Many people might think cyber threats only after big business, famous public figures, or rich people to get money from. Even more worrying, some think that they don’t have any issue with privacy leak as they considered they never do something bad. This shows a misleading on how people understand what privacy means and who can be the target of the threats.

Imagine, what if our important data get encrypted suddenly and to get them back, we have to pay with a very expensive cryptocurrency in limited time otherwise we’ll lose them forever. This is what ransomware do. Michael Berg, the executive director of SonicWall, predicts the total lost for redemption caused by this ongoing malicious software reach up to USD 11.5 billion in 2019. Malwarebytes reported that around 40% of the target pay the money and IBM found that 55% of the victims they have interviewed pay it for family pictures. What would you do?

Another lesson, we might be good behaved in social media, but we still expose our banking accounts in online shops. EY reported that in 15-month range since January 2017, around 1.95 billion personal and sensitive records are compromised. As this confidential detail leak to unauthorized parties, they can steal our money or open credit cards under our details. Recent findings by SonicWall analysts mentioned that the loss caused by this typical threat reach around USD 12.5 billion since May 2018.

Those cases show that the effect of data breaches and cybercrime could be detrimental, not just end up in predicting our behaviours to offer us matched advertisements. Anyone who connect to the internet with narrow understanding of how security threat works and do not put preventive actions are prone to cyberattack.

What should we know?

Get into the hacker mindset. Knowing what is meant by Cyber Kill Chain, a step-by-step cyberattack. Starting from reconnaissance when the attacker trying to find the flaws in the system. They explore networks including social media accounts to define their targets and tactics to attack. Once they configure flaws, comes weaponization to create the attack. It can be malware in a form of virus, worm, trojan or spyware depends on the flaws and the goal. Then the delivery of the malware, can be through email or USB.

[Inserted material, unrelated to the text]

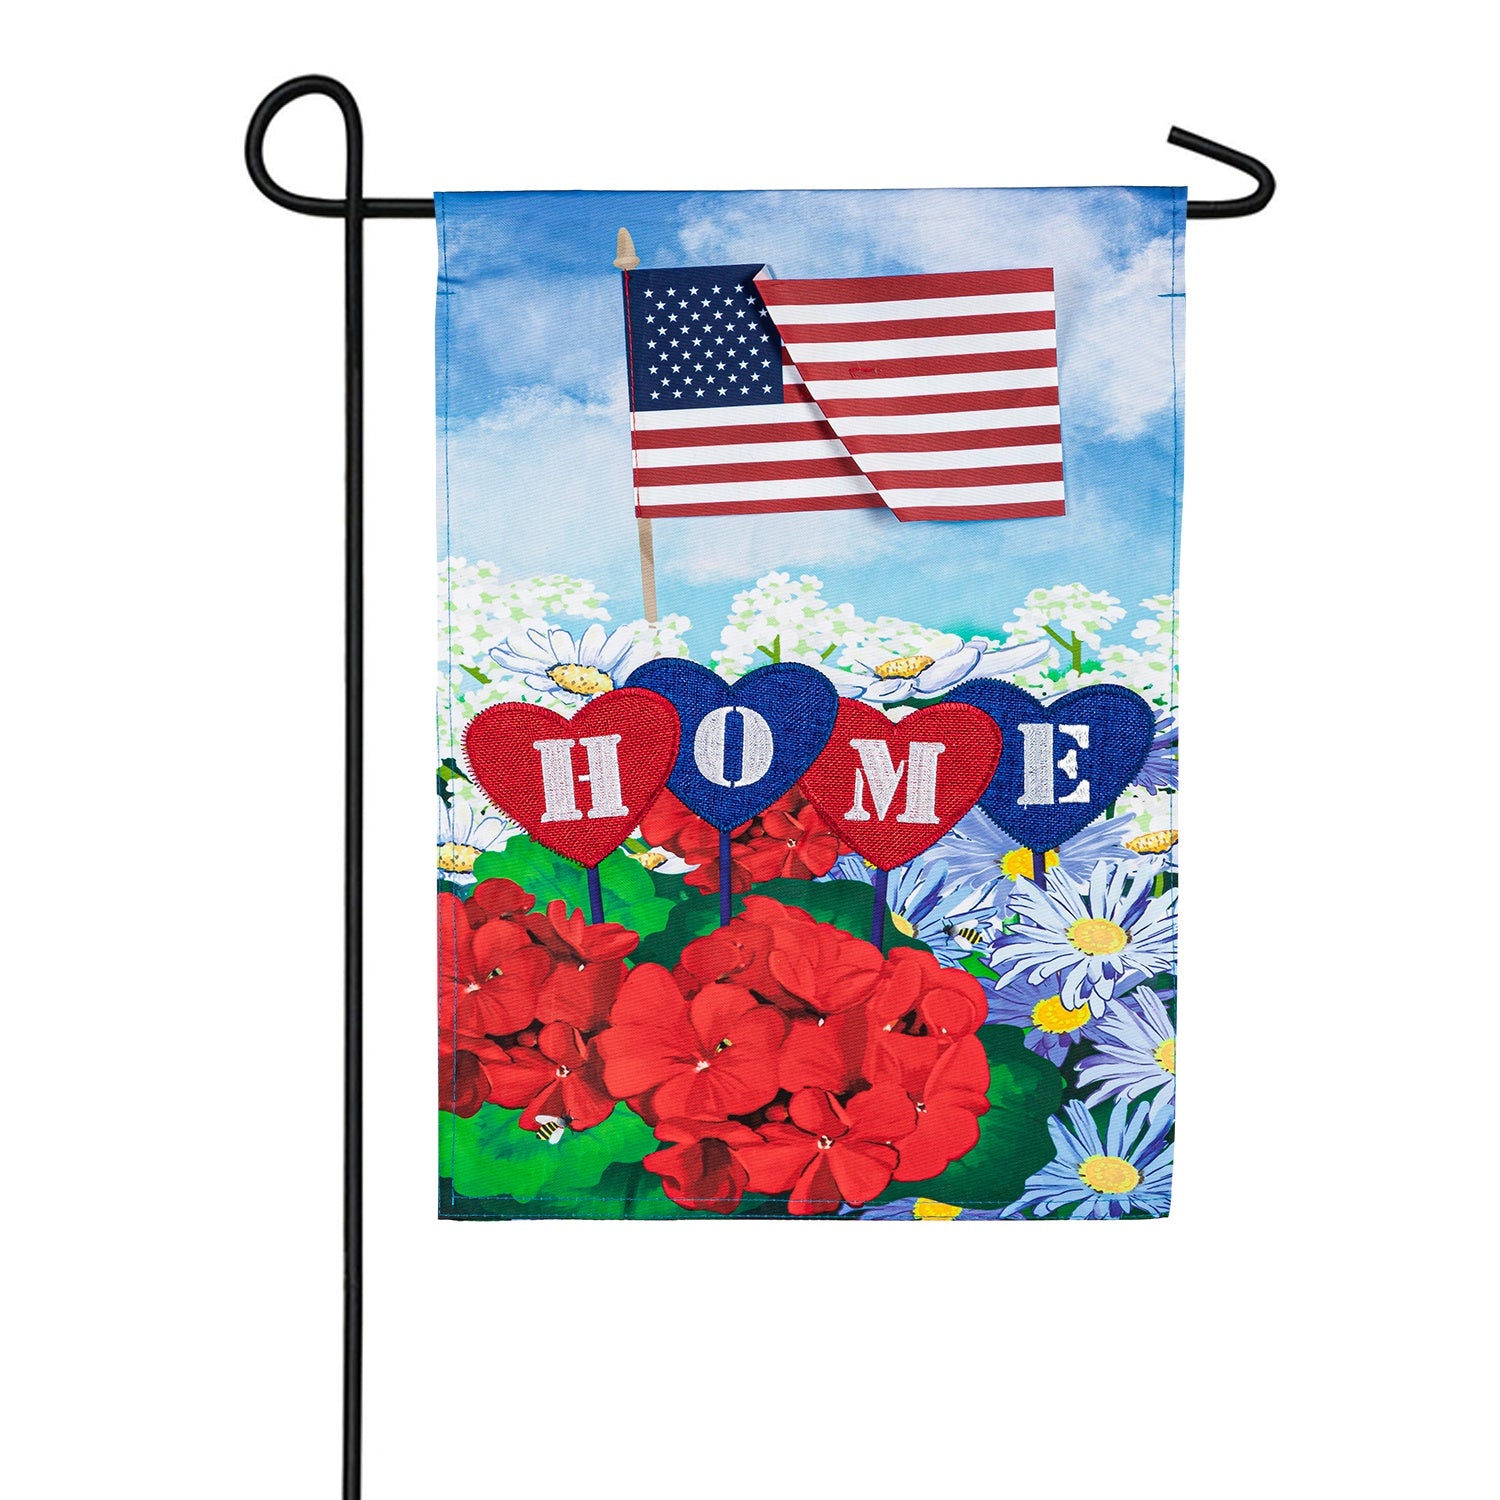 Patriotic Home in Hearts Applique Garden Flag

Scamwatch Australia reported that the top 1 scam category is phishing. This happen when the attacker contacting their victims through phone calls, email, or social media by pretending to be someone they know or trusted organisation to collect the victim’s sensitive information. They also stated that top 2 delivery methods are phone and email. If an email contains a link, beware that it might lead to a malwares site to infect the system automatically. Once infected, they will exploit the system’s vulnerabilities, find ways to be installed. After settled, they can sign the attackers to remotely give command and control to perform the targeted actions like sending data or messing up the system.

What we need to do?

Just one work, keep update.

Update our password, update our knowledge with recent cyberattacks and current cybersecurity technologies, update our system.

A strong password is an essential blockade. It should be a combination of letters, numbers, and symbols, which keep changing over a period of time, and not used for multiple accounts. Meanwhile, keep update with security development will make us more cautious of cyberattacks. After knowing phishing, we may be more sceptical to click on random emails or links.

It is also important to notice that cyberattack and cybersecurity now are embracing Artificial Intelligent (AI) technology. By harnessing Natural Language Processing in AI, attackers can generate a personalized phishing emails which look more plausible to the target. Security analyst, instead, utilising machine learning for automatic threat detection. So, that is why a regular system update is not meant to bother us, one possible reason is it shows that the latest approach of cybersecurity has been embedded to the update to protect us from new more harmful threats.


2 Responses to “What do “they” know about us?”

  1. Max Thomas says:

    Thanks for the post! As somebody who is lazy when it comes to reusing passwords and looking after my security online, this is a real eye opener.

  2. Kaih Mitchell says:

    Definitely an important issue that more people should be aware of!